Nanoparticles can be fabricated and orchestrated to parcel and carry medications to their destination, shield the drug from premature degradation, keep pharmaceuticals from interacting with the biological environment prematurely, and allow for therapeutic agents to be targeted at the organ, tissue, and cell levels [44]. With this focused strategy, medications do the most damage in the specific and intended location to which they are delivered. This alleviates the collateral harm to the healthy tissues in the surrounding area, as well as side effects [45]. Target-specific delivery overcomes the intrinsic constraints of conventional drugs, such as a short plasma half-life, low stability, the extent of the drug against debasement, and inherent immunogenicity [46]. Nanoparticles are effective drug delivery methods due to their small size. They are beneficial for encapsulating medications and enabling more accurate targeting with sustained release, especially for pharmaceuticals with a low solubility and absorption.
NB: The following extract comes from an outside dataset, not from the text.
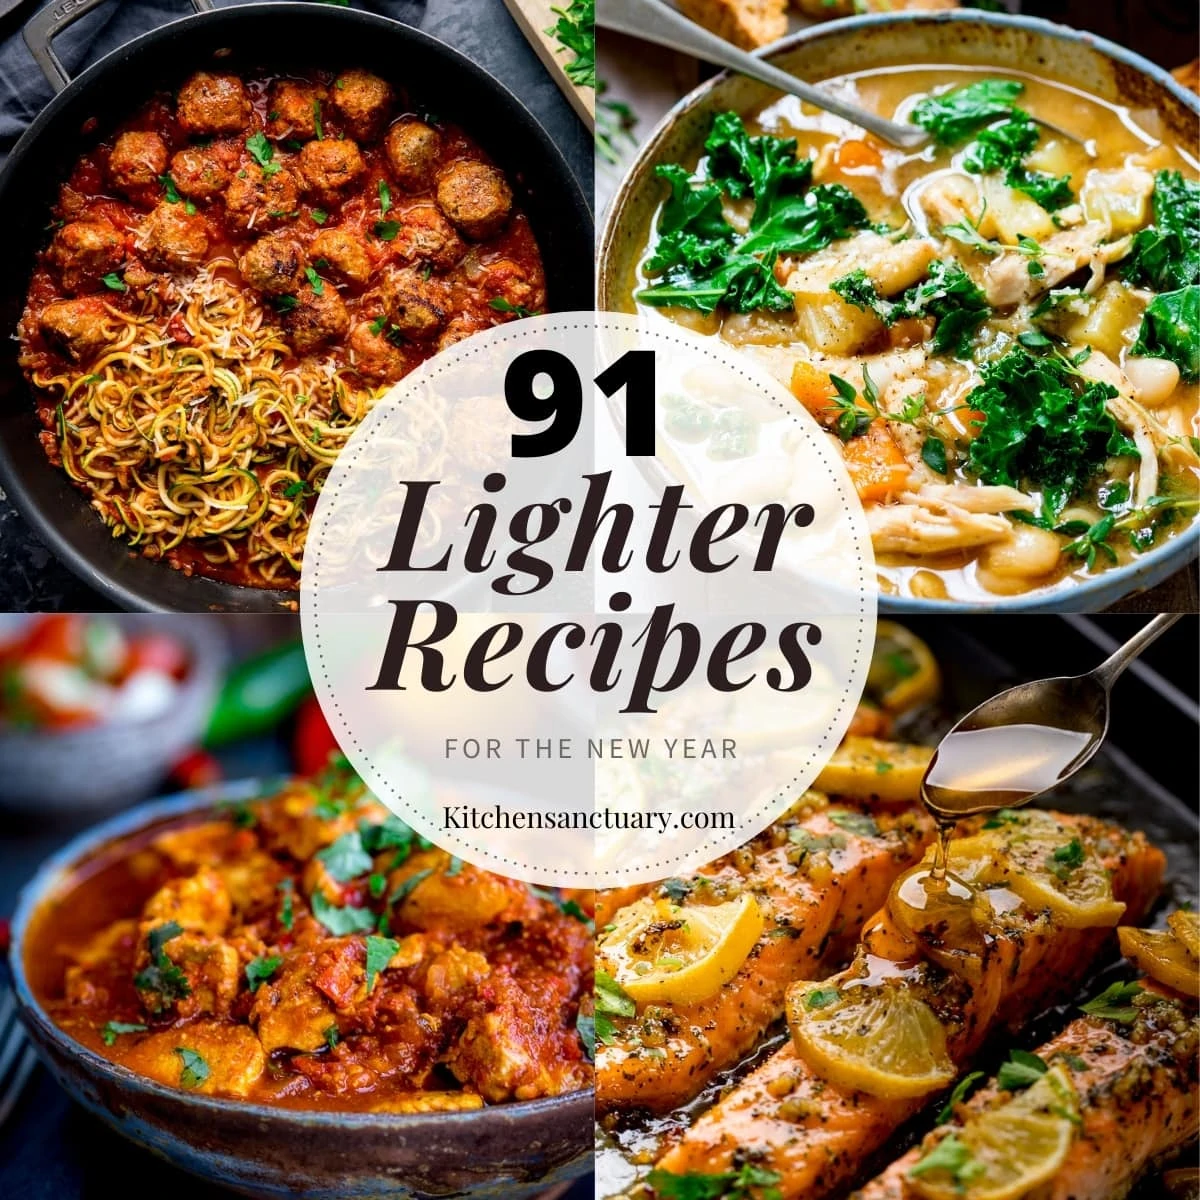 4 image collage of turkey meatballs, chicken soup, chicken curry and baked salmon. A overlay on top saying 91 lighter recipes for the new year.

Inorganic NPs have gained interest because of their outstanding properties, such as greater stability, high reactivity, low melting point, and surface plasmon resonance. Their high surface-to-volume ratio makes NPs interact easily with other particles, making diffusion feasible and faster, even at lower temperatures [47,48]. Generally, inorganic nanoparticles are particles that comprise a metal oxide (iron oxide, titanium oxide, zinc oxide, copper oxide, magnesium oxide, and cobalt oxide) or metal (gold, silver, and selenium) central core with a protective organic layer on their surface. The synergistic qualities of the plant and metal NPs are unique in phytonanotherapy because they have therapeutic properties that may be clinically bioequivalent to many chemical-based medications, with minimal adverse effects [36,49]. Engineered nanoparticles, combined with plant-based drug moieties, may be used to ensure an improved efficacy, cellular uptake, specific transport, and delivery of particular molecules because of their modified physicochemical properties.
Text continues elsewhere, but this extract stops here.